Mitchell JG, Seuront L, Doubell MJ, Losic D, Voelcker NH, Seymour J, Lal R - PLoS ONE (2013)

Bottom Line: Diffusion constraint explains the success of particular diatom species at given times and the overall success of diatoms.The results help answer the unresolved question of how adjacent microplankton compete.Furthermore, diffusion constraint by supramembrane nanostructures to alter molecular diffusion suggests that microbes compete via supramembrane topology, a competitive mechanism not considered by the standard smooth-surface equations used for nutrient uptake nor in microbial ecology and cell physiology.

View Article: PubMed Central - PubMed

Affiliation: School of Biological Sciences, Flinders University, Adelaide, South Australia, Australia. jim.mitchell@flinders.edu.au

ABSTRACT

Background: Diatoms are important single-celled autotrophs that dominate most lit aquatic environments and are distinguished by surficial frustules with intricate designs of unknown function.

Principal findings: We show that some frustule designs constrain diffusion to positively alter nutrient uptake. In nutrient gradients of 4 to 160 times over <5 cm, the screened-chambered morphology of Coscincodiscus sp. biases the nutrient diffusion towards the cell by at least 3.8 times the diffusion to the seawater. In contrast, the open-chambers of Thalassiosira eccentrica produce at least a 1.3 times diffusion advantage to the membrane over Coscincodiscus sp. when nutrients are homogeneous.
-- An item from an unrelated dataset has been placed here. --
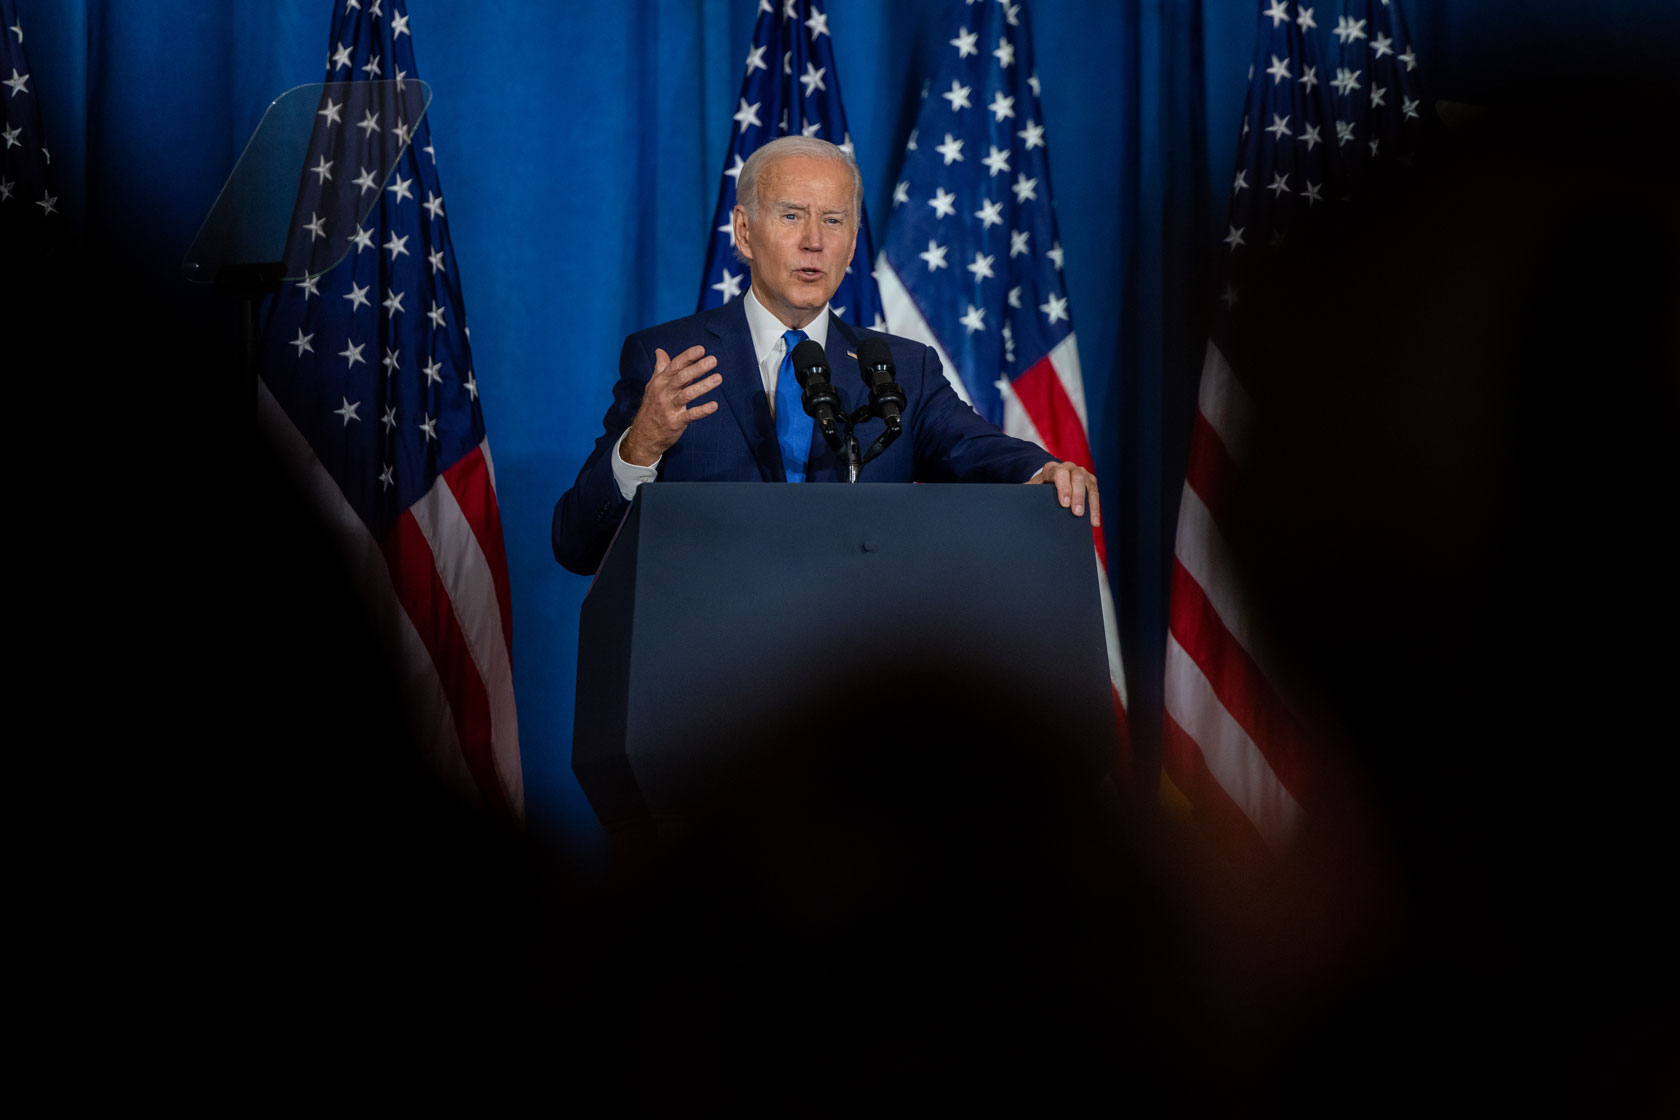 President Joe Biden speaks on preserving democracy at a rally.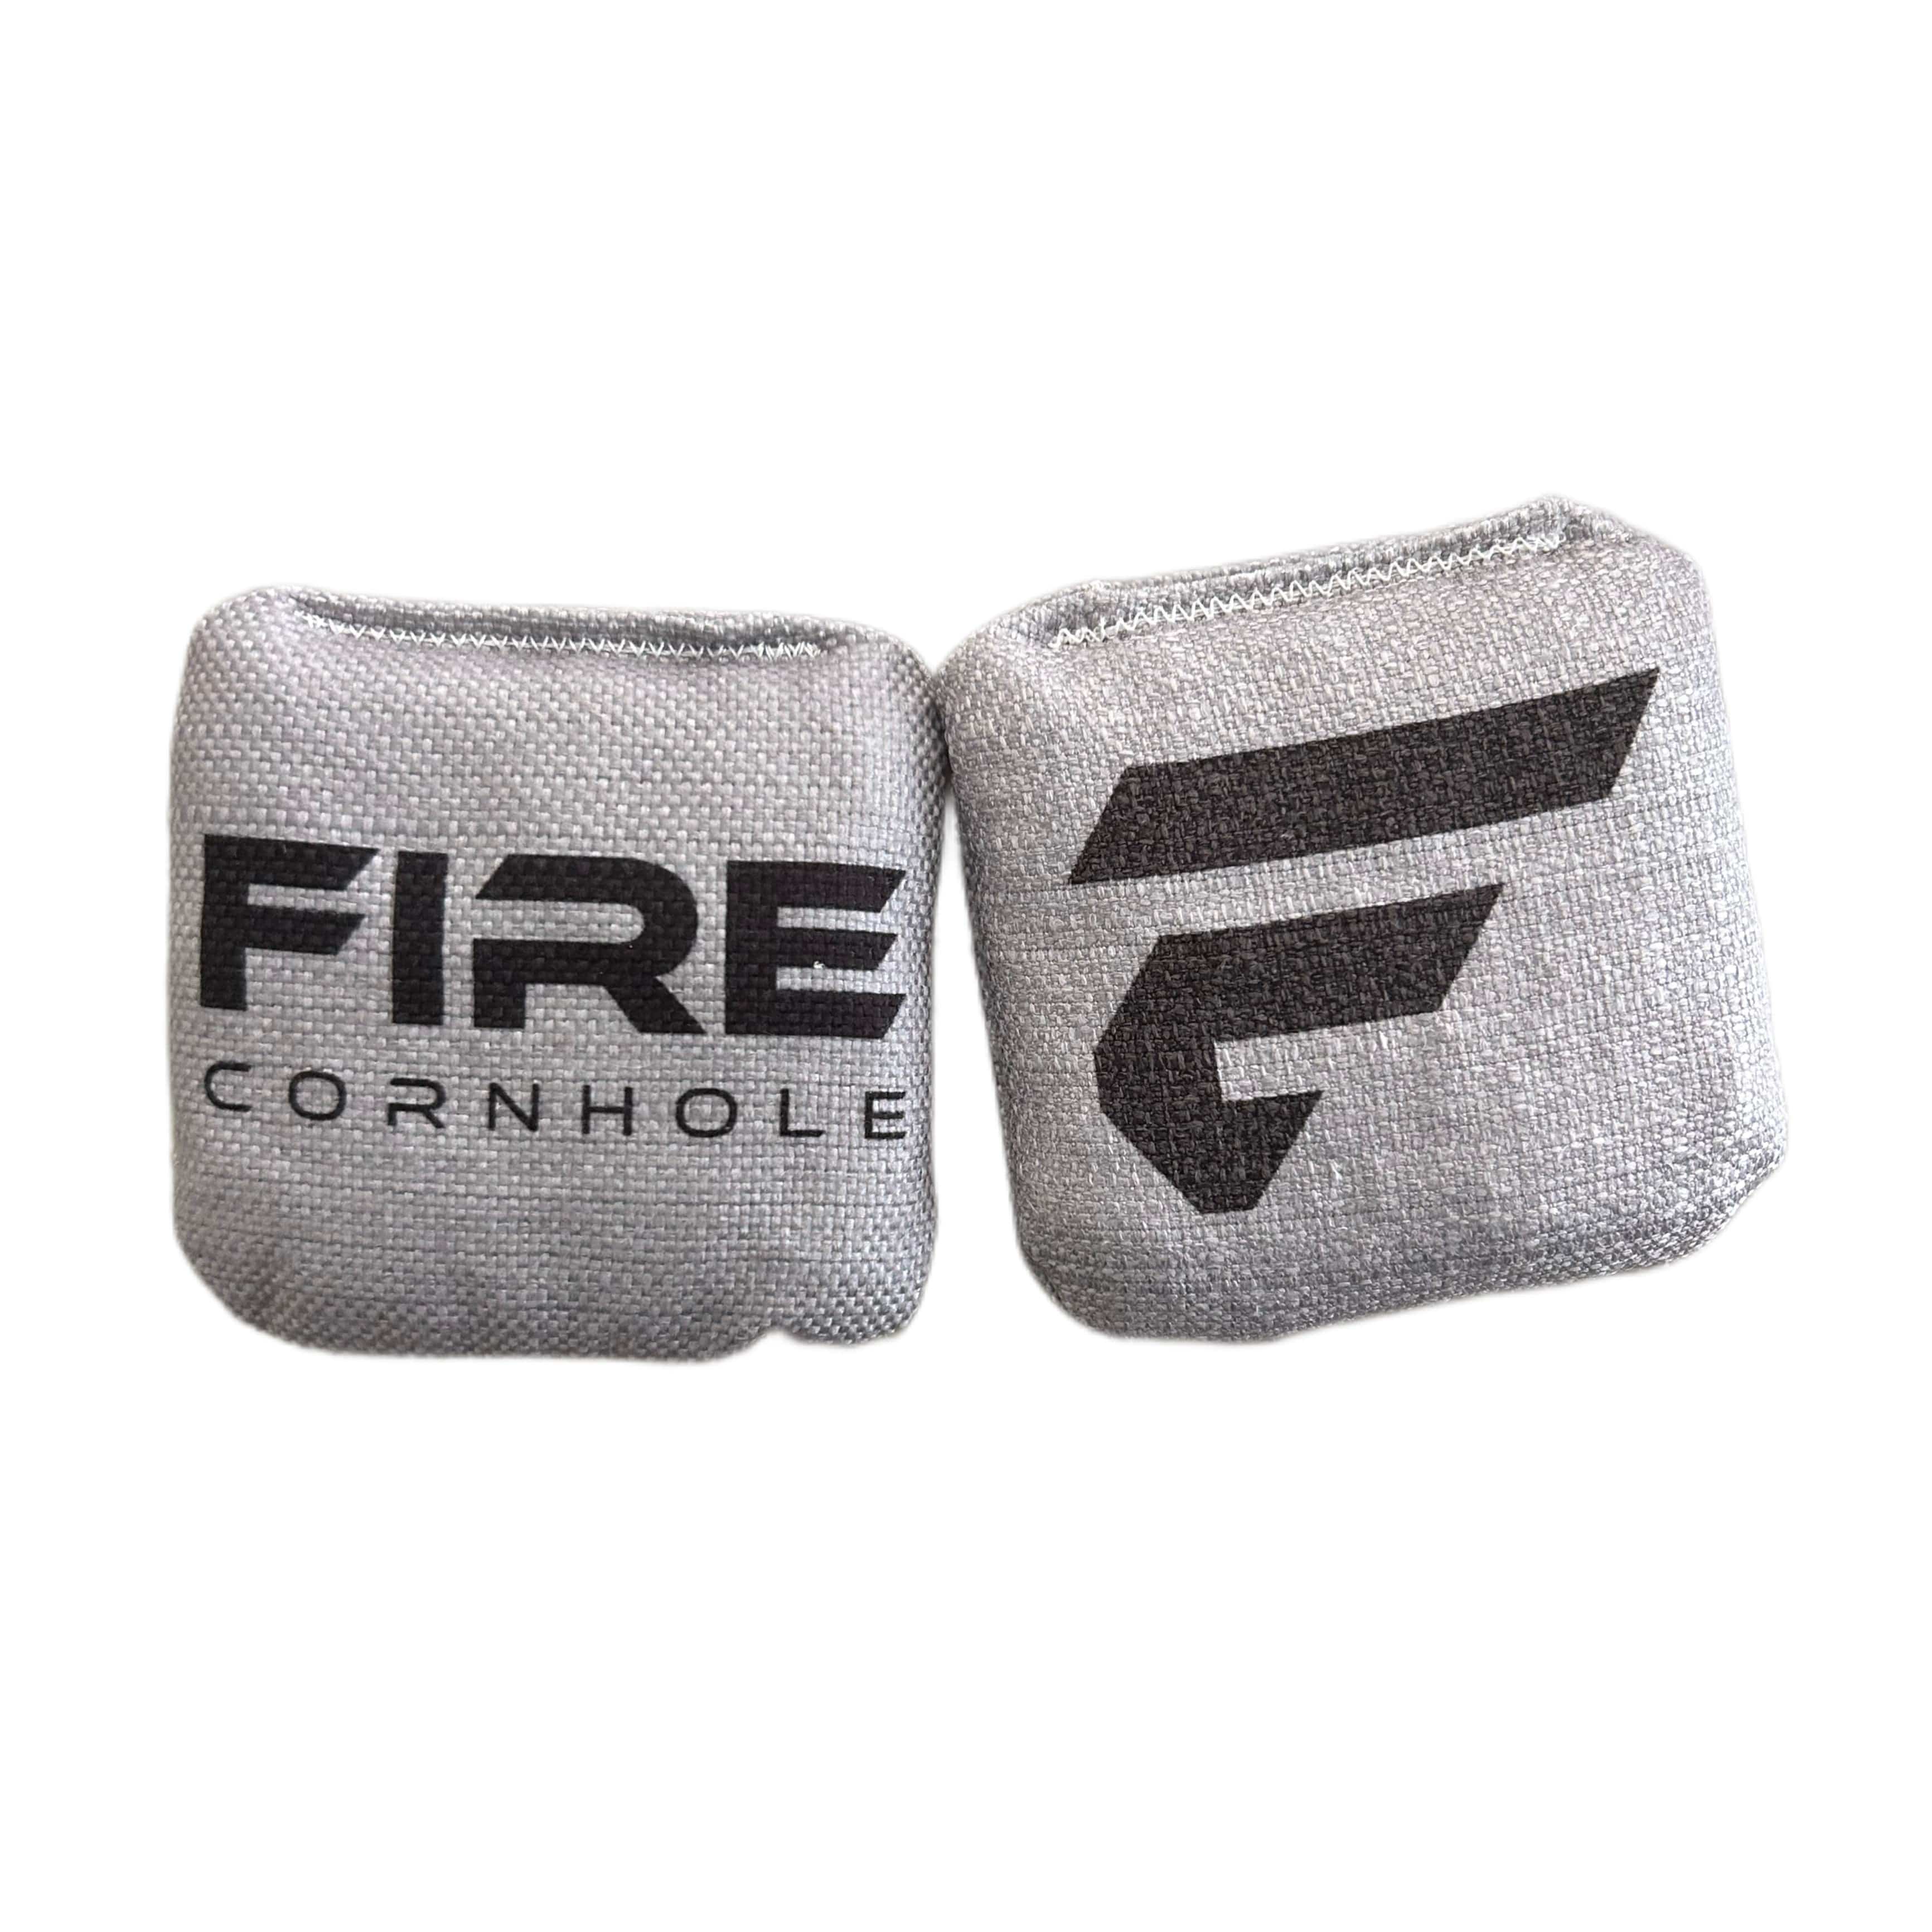 Fire Cornhole Mini Cornhole Bags Silver - Set of 4

Significance: Diffusion constraint explains the success of particular diatom species at given times and the overall success of diatoms. The results help answer the unresolved question of how adjacent microplankton compete. Furthermore, diffusion constraint by supramembrane nanostructures to alter molecular diffusion suggests that microbes compete via supramembrane topology, a competitive mechanism not considered by the standard smooth-surface equations used for nutrient uptake nor in microbial ecology and cell physiology.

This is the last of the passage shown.